Развитие нормативно-правовой базы имеет решающее значение для привлечения КНР в сектор возобновляемой энергетики обеих стран, поскольку открывает дополнительные возможности перед китайскими компаниями, позволяя им выступать в различном качестве: например, разработчиками проектов, подрядчиками по проектированию, закупкам и строительству или поставщиками сразу для нескольких предприятий. Кроме того, оно улучшает финансовую привлекательность подобных инициатив.

Растущий спрос на возобновляемую энергию в Казахстане и Узбекистане также вписывается в расширяющуюся глобальную структуру китайских капиталовложений и приводит к изменениям инвестиционной стратегии КНР, которые призваны дать ответ на опасения о долговой устойчивости и воздействии на окружающую среду проектов, связанных с инициативой «Пояса и пути»16.

После второго форума международного сотрудничества «Пояса и пути», прошедшего в 2019 году, Китай стал уделять особое внимание экологии, что привело к формулированию зеленой части инициативы. В ноябре 2021 года была выпущена директива, которая ставила целью переход от масштабных проектов в сфере использования ископаемого топлива и развития инфраструктуры к более скромным, но экологически устойчивым проектам, в том числе в сфере солнечной и ветровой энергетики17.

Начиная с 2018 года такое сближение интересов побудило КНР не только поддержать растущий интерес стран Центральной Азии к возобновляемой энергетике, но и поработать над расширением доли китайских компаний на рынке региона.

Шаг за шагом

В истории китайских инвестиций в проекты возобновляемой энергии в Центральной Азии можно выделить два этапа.

Во время первого этапа, продлившегося с 1990-х годов до 2018-го, помимо традиционных энергетических проектов, Китай сосредоточился на строительстве крупных ГЭС в регионе и стал оказывать Казахстану и Узбекистану, расположенным в нижнем течении рек, помощь в полноценном использовании гидроэнергетического потенциала18.

Китайские компании участвовали в проектах в первую очередь за счет кредитного финансирования, которое предоставляли такие институты, как Экспортно-импортный банк КНР (Эксимбанк) и Банк развития Китая19.

Так, Национальная электротехническая компания КНР (中国电力工程公司) поставила оборудование под ключ для Андижанской ГЭС в Узбекистане, строительство которой завершилось в 2010 году.

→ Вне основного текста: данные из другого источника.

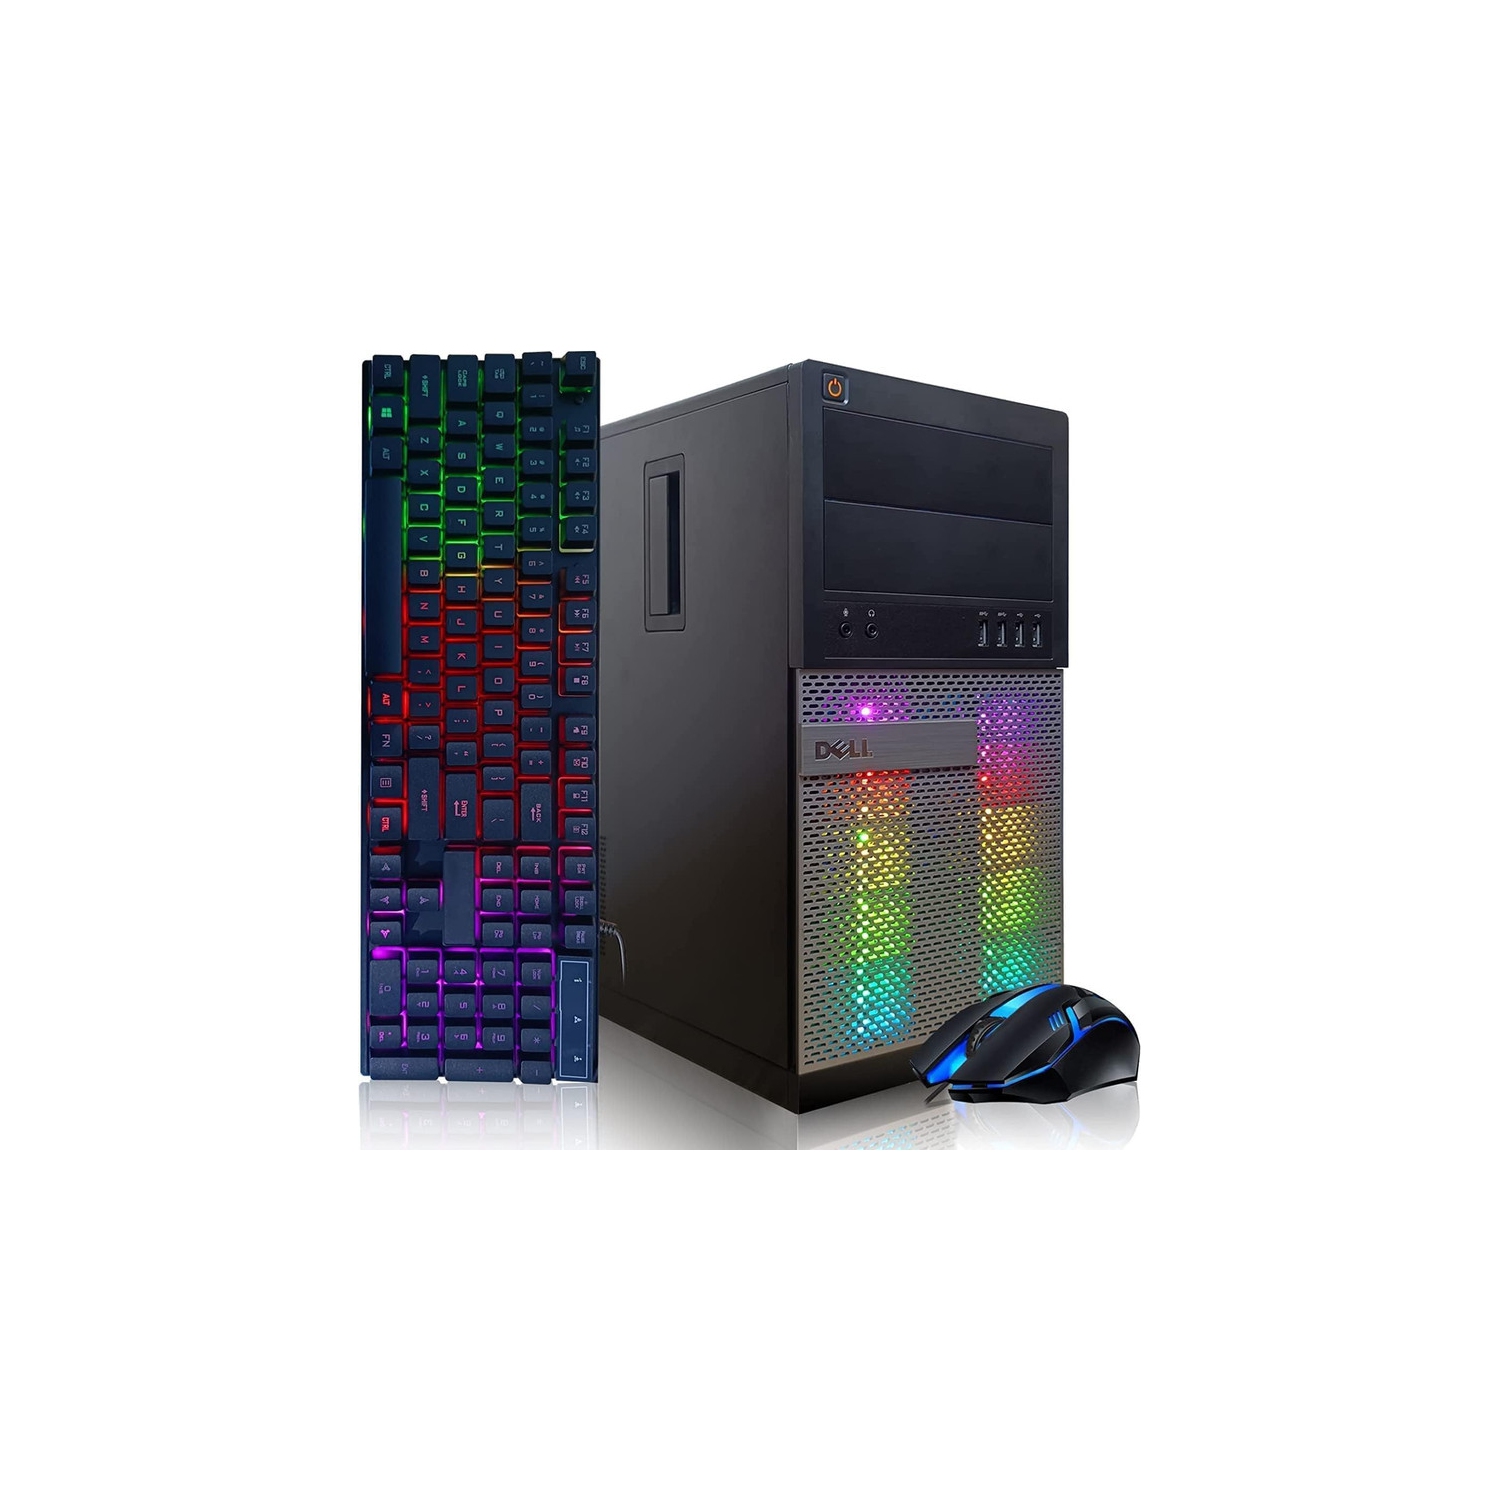 Dell RGB Gaming Desktop Computer, Intel Quad Core I7 up to 3.8GHz, Radeon RX 550 4G, 16GB Memory, 1T SSD, RGB Keyboard & Mouse, 600M WiFi & Bluetooth, Win 10 Pro -Refurbished

Проект был частично профинансирован Эксимбанком, выделившим кредит в размере $15,93 млн под правительственные гарантии20. Еще одно важное соглашение было заключено в 2017 году, когда узбекский «Туронбанк» получил в качестве кредита от Эксимбанка $58,5 млн для финансирования модернизации четырех гидроэлектростанций, в том числе ГЭС «Камолот» и Кадырьинской ГЭС. На обеих станциях в полной мере используются преимущества водных ресурсов страны, благодаря чему обеспечивается сбалансированность структуры производства энергии и снижаются издержки21. В Казахстане в этот период Международная корпорация водного хозяйства и энергетики Китая (中国水利电力对外有限公司) реализовала важный проект Мойнакской ГЭС — ее строительство обошлось в $330 млн, из которых $200 млн были получены в форме кредита от Банка развития КНР22.

На втором этапе, начавшемся в 2018 году, внимание Китая на рынке возобновляемой энергии в Центральной Азии сместилось со строительства крупных ГЭС на проекты в сфере солнечной и ветровой энергетики23. Изменилась и структура финансирования проектов. После 2018 года произошел сдвиг от кредитного финансирования, выделяемого банками КНР, в сторону долевого участия китайских компаний, работающих в сфере возобновляемой энергетики, а также расширилось сотрудничество с местными многосторонними банками развития24.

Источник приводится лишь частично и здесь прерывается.